§ **WORK INSTRUCTION**:
All of the records should come back exactly as written.

§ **PROVIDED ENTRIES**:
* * * * *

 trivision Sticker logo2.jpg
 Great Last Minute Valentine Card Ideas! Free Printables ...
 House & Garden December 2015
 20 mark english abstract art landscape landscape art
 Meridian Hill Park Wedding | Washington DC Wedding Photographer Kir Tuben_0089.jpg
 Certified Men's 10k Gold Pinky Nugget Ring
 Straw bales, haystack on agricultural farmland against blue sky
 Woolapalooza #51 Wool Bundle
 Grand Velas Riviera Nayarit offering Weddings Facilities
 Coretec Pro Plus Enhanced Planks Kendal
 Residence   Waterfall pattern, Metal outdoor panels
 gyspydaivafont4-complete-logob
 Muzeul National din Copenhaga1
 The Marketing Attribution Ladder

* * * * *

§ **RESULT OF THIS TASK**:
 trivision Sticker logo2.jpg
 Great Last Minute Valentine Card Ideas! Free Printables ...
 House & Garden December 2015
 20 mark english abstract art landscape landscape art
 Meridian Hill Park Wedding | Washington DC Wedding Photographer Kir Tuben_0089.jpg
 Certified Men's 10k Gold Pinky Nugget Ring
 Straw bales, haystack on agricultural farmland against blue sky
 Woolapalooza #51 Wool Bundle
 Grand Velas Riviera Nayarit offering Weddings Facilities
 Coretec Pro Plus Enhanced Planks Kendal
 Residence   Waterfall pattern, Metal outdoor panels
 gyspydaivafont4-complete-logob
 Muzeul National din Copenhaga1
 The Marketing Attribution Ladder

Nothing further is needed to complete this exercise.